According to Pepsico's Supplemental Answers to Supplemental Interrogatories to Plaintiff (Motion Ex. B), Pepsico is suing on behalf of a number of insurers who made payments on account of Pepsico's claimed loss and are hence subrogated to the extent of those payments: Brazilian Reinsurance Institute/Mapfre, FM Global (Factory Mutual Insurance Company), Lexington Insurance Company, Axis Specialty Insurance Company, HDI Insurance Company, International Insurance Company of Hanover RE, Lloyds and Axis Bermuda Insurance Company. Those companies are "real parties in interest" (see Fed.R.Civ.P. ["Rule"] 17), and that being so their citizenship is also relevant for diversity purposes (the predicate for Pepsico's having invoked federal jurisdiction here.
In that respect, this Court first applied that principle more than two decades ago in State Sec. Ins. Co. v. Frank B. Hall Co., 109 F.R.D. 99 (N.D. Ill. 1986). And even if Pepsico is itself a real party in interest (something this is frequently the case in an action brought by an insured that has not been fully covered by its insurer because of a retention provision), 4Moore's Federal Practice § 17.13[2][b][i] (3d ed. 2007) (emphasis in original, and citing Seventh Circuit authority as well as cases decided elsewhere) confirms that the insurers' citizenship is also relevant:
As in this case, that action had been pending for some years before a filing on another motion first revealed the real-party-in-interest problem. But subject matter jurisdiction being what it is, this Court was obligated to raise the matter sua sponte.

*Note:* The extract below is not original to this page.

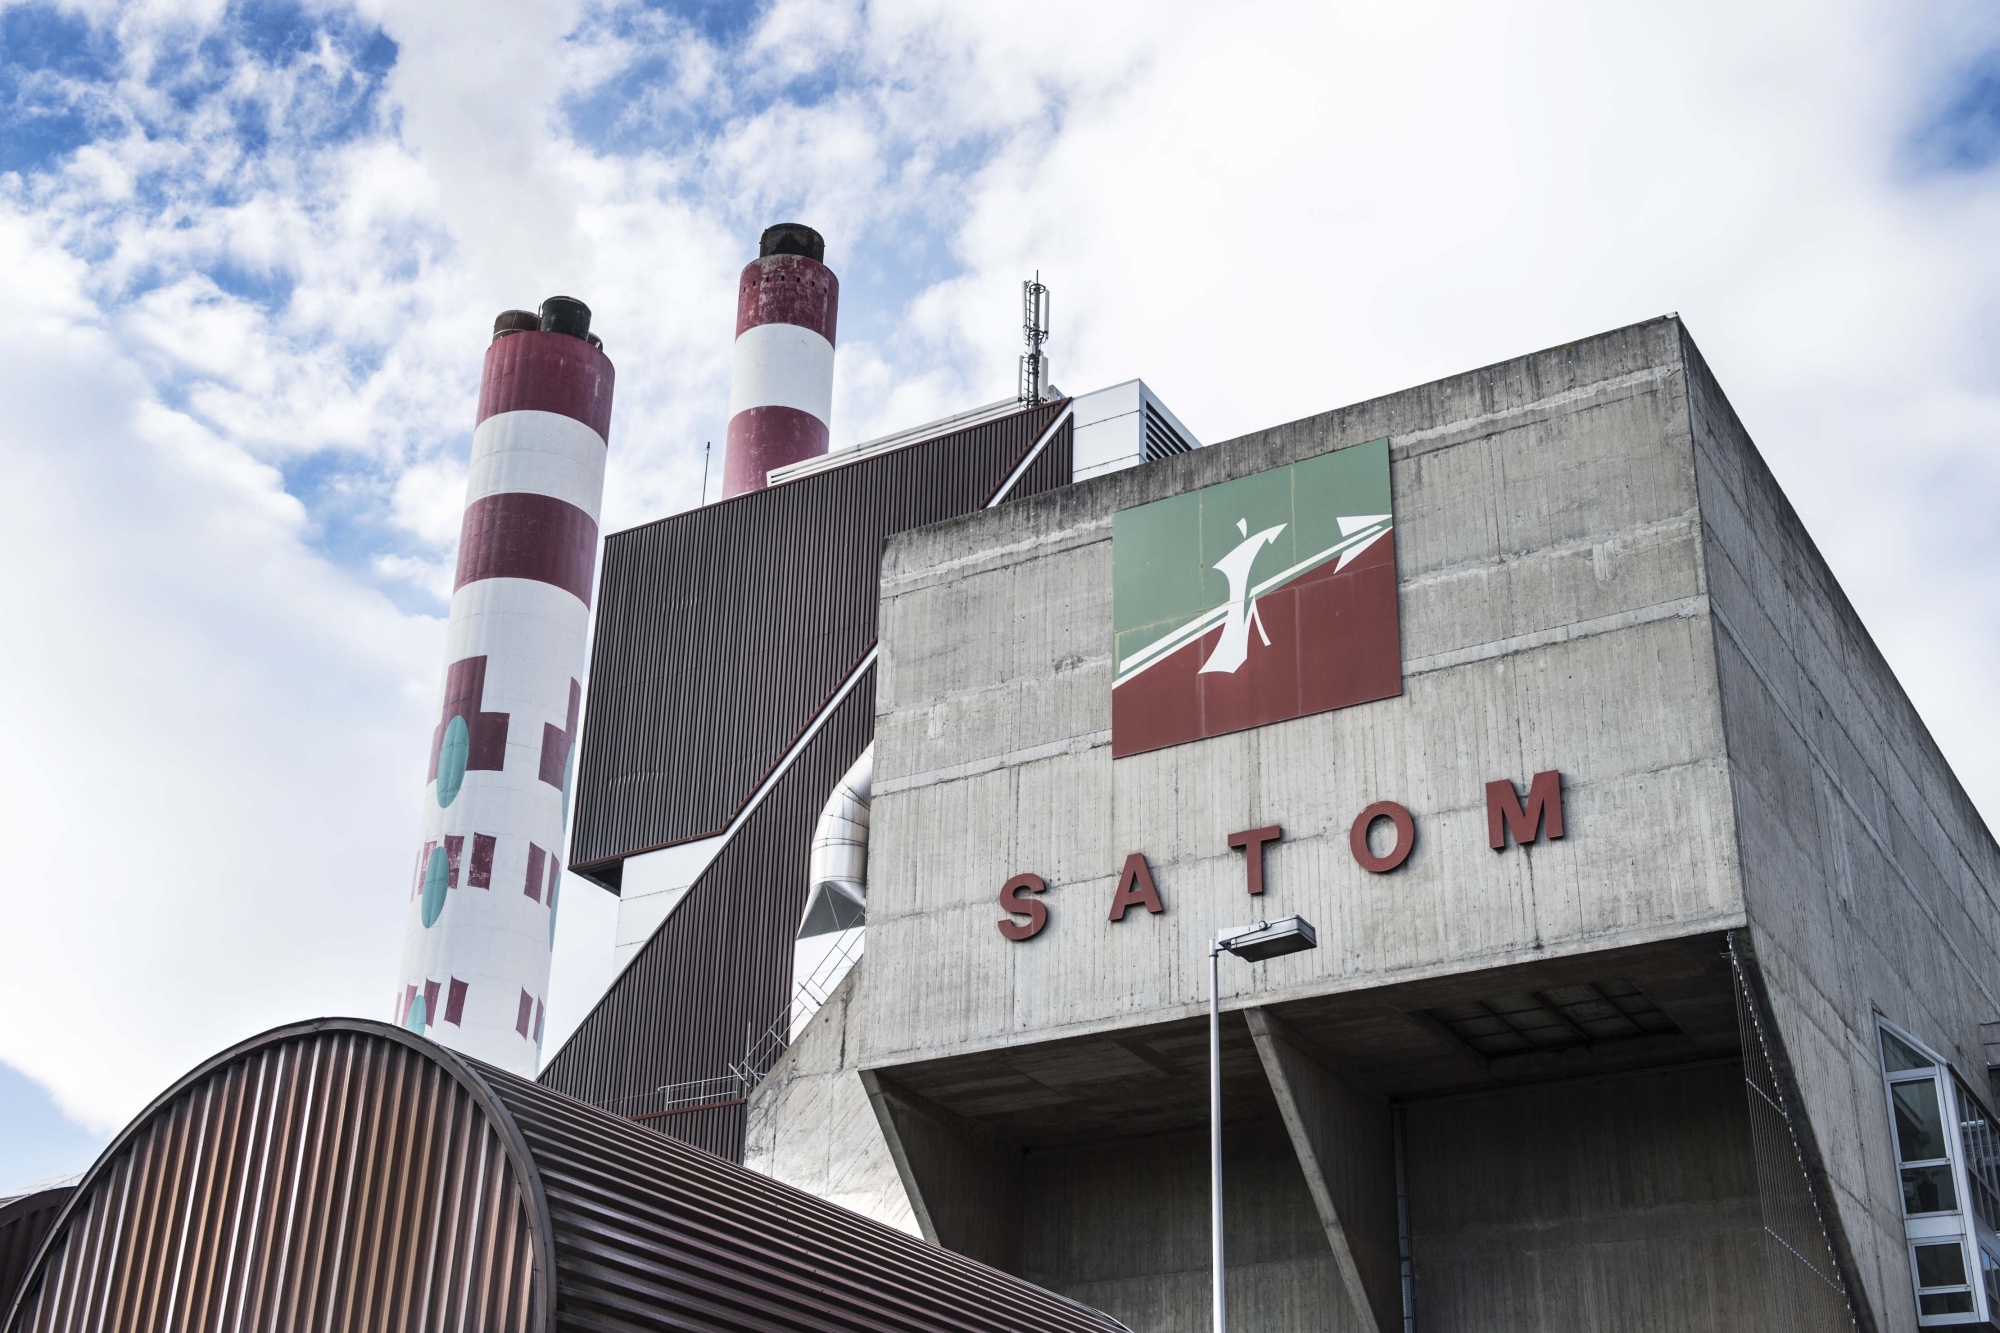 L'usine d'incinération Satom et son thermoréseau chauffe déjà des bâtiments sur plusieurs kilomètres.

In suits brought by a statutorily defined real party on behalf of someone else, the citizenship of the represented and not the representative controls. Although the legal representative is the real party in interest, that party is deemed to have the citizenship of the one represented in the action.

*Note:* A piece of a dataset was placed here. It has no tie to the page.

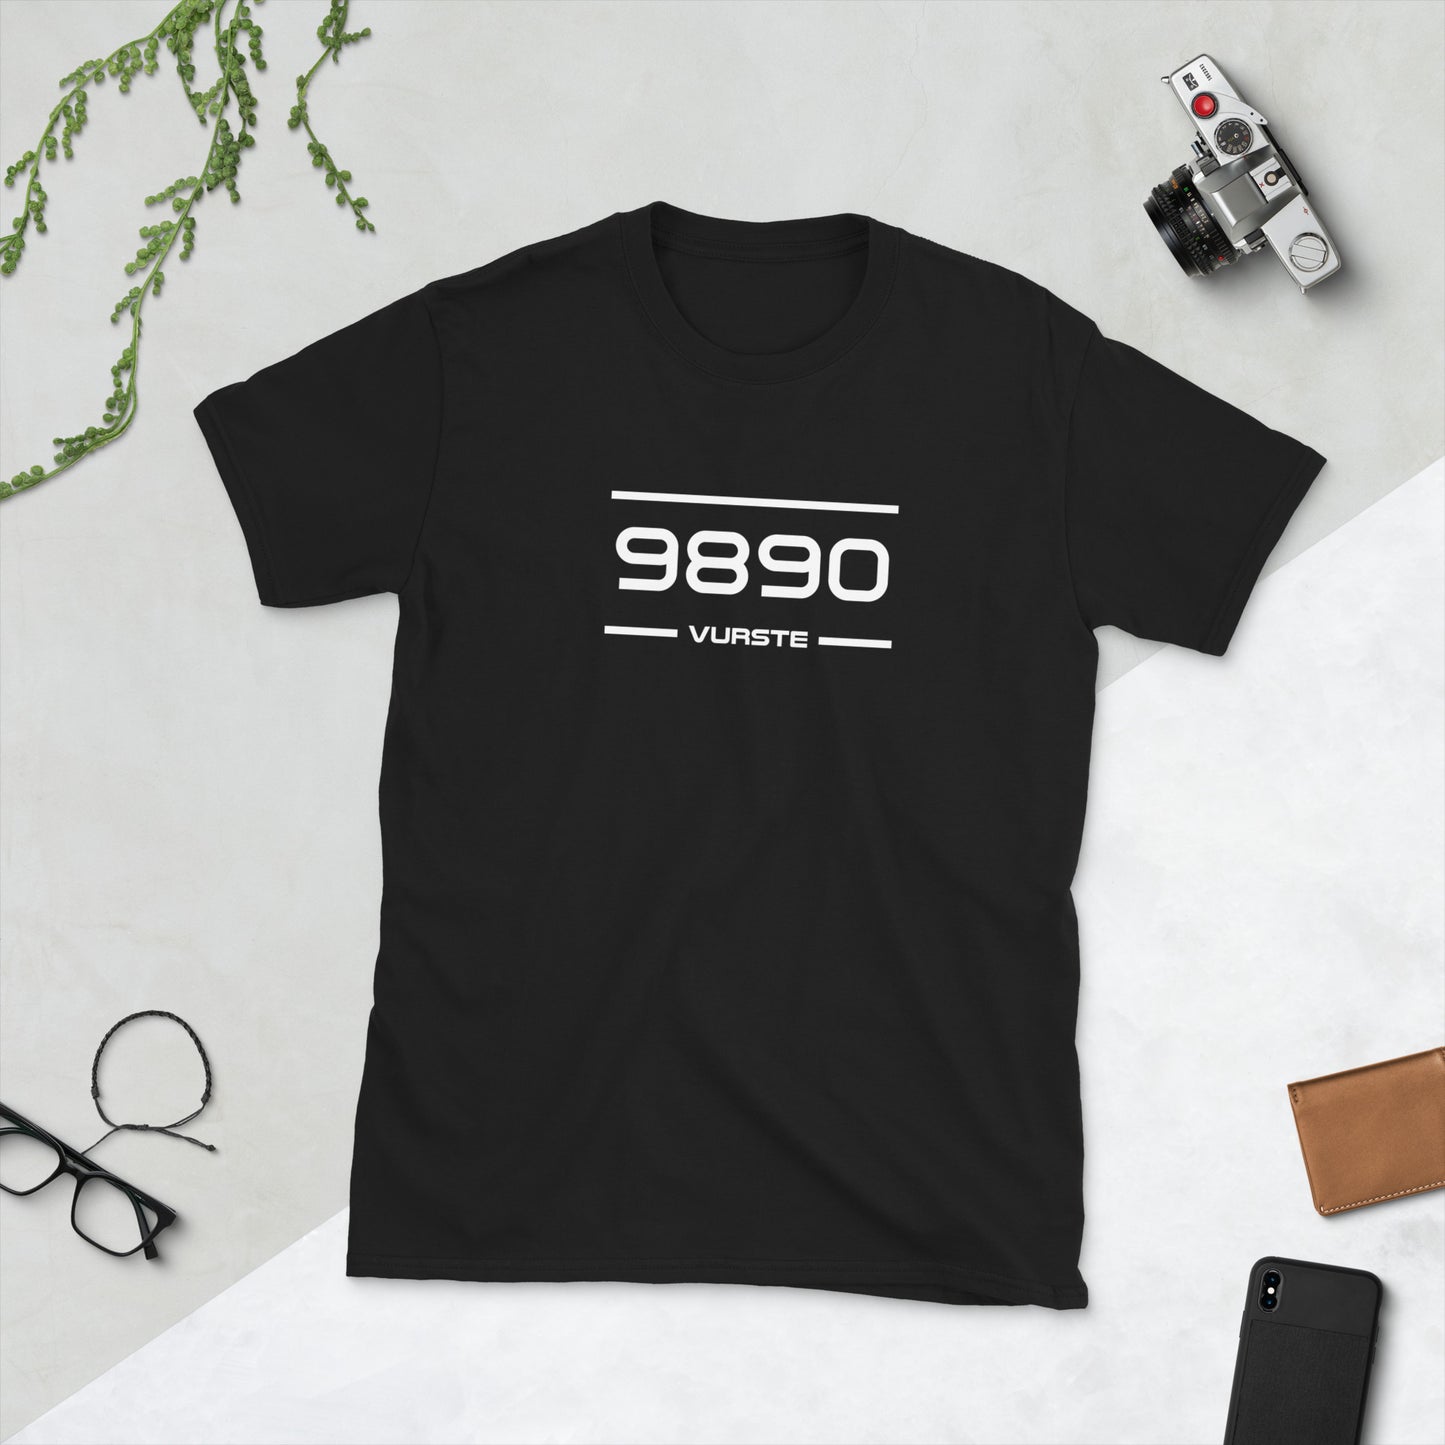 Tshirt - 9890 - Vurste

Because it had been assumed by the parties, as reflected in Pepsico's Complaint, that it (a Brazilian corporation) was the only relevant entity on the plaintiff's side of the v. sign, all that Complaint ¶ 2 and Oxy-Dry's Answer identified was the location of Oxy-Dry's principal place of business in Illinois. And until now this Court had no reason to believe otherwise — but now the situation has changed dramatically.

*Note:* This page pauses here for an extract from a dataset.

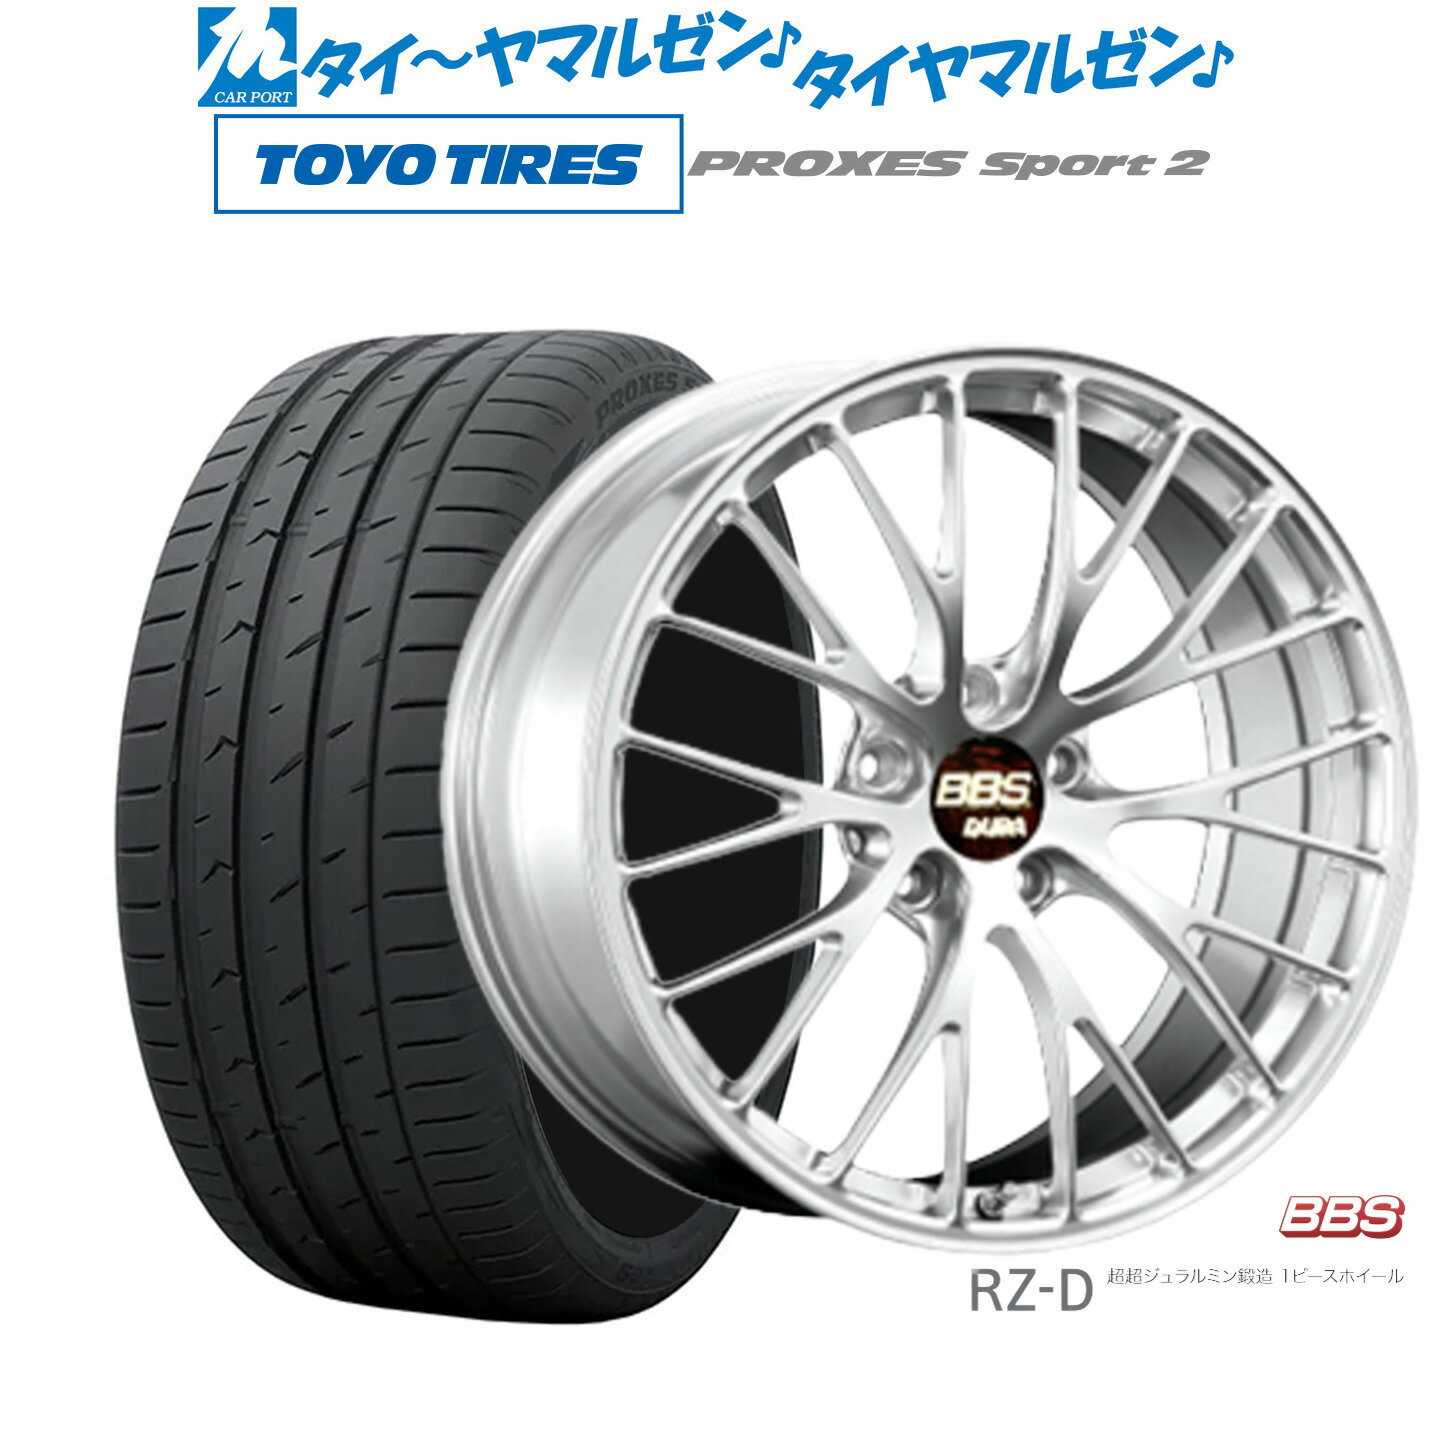 [5/20]割引クーポン配布新品 サマータイヤ ホイール4本セットBBS JAPAN RZ-D20インチ 8.5Jトーヨータイヤ プロクセス PROXES スポーツ2 245/35R20

Accordingly, what is needed to be provided by the respective parties in advance of the February 15 due date of Pepsico's response to the current Oxy-Dry motion are the facts as to the corporate citizenship of all of the insurers as well as of Oxy-Dry itself under 28 U.S.C. § 1332(c)(1). In addition, because "Lloyds" has been identified as one of the insurers, it seems highly likely that its presence may destroy diversity (see, e.g., this Court's opinion in Certain Underwriters at Lloyd's, London v. P.J.T., Inc., No. 96 C 3628, 1996 WL 370081 at *1-*2 (N.D. Ill. June 27) and, just under two years later, our Court of Appeals' identical ruling in Indiana Gas Co. v. Home Ins. Co., 141 F.3d 314, 316-19 (7th Cir. 1998)).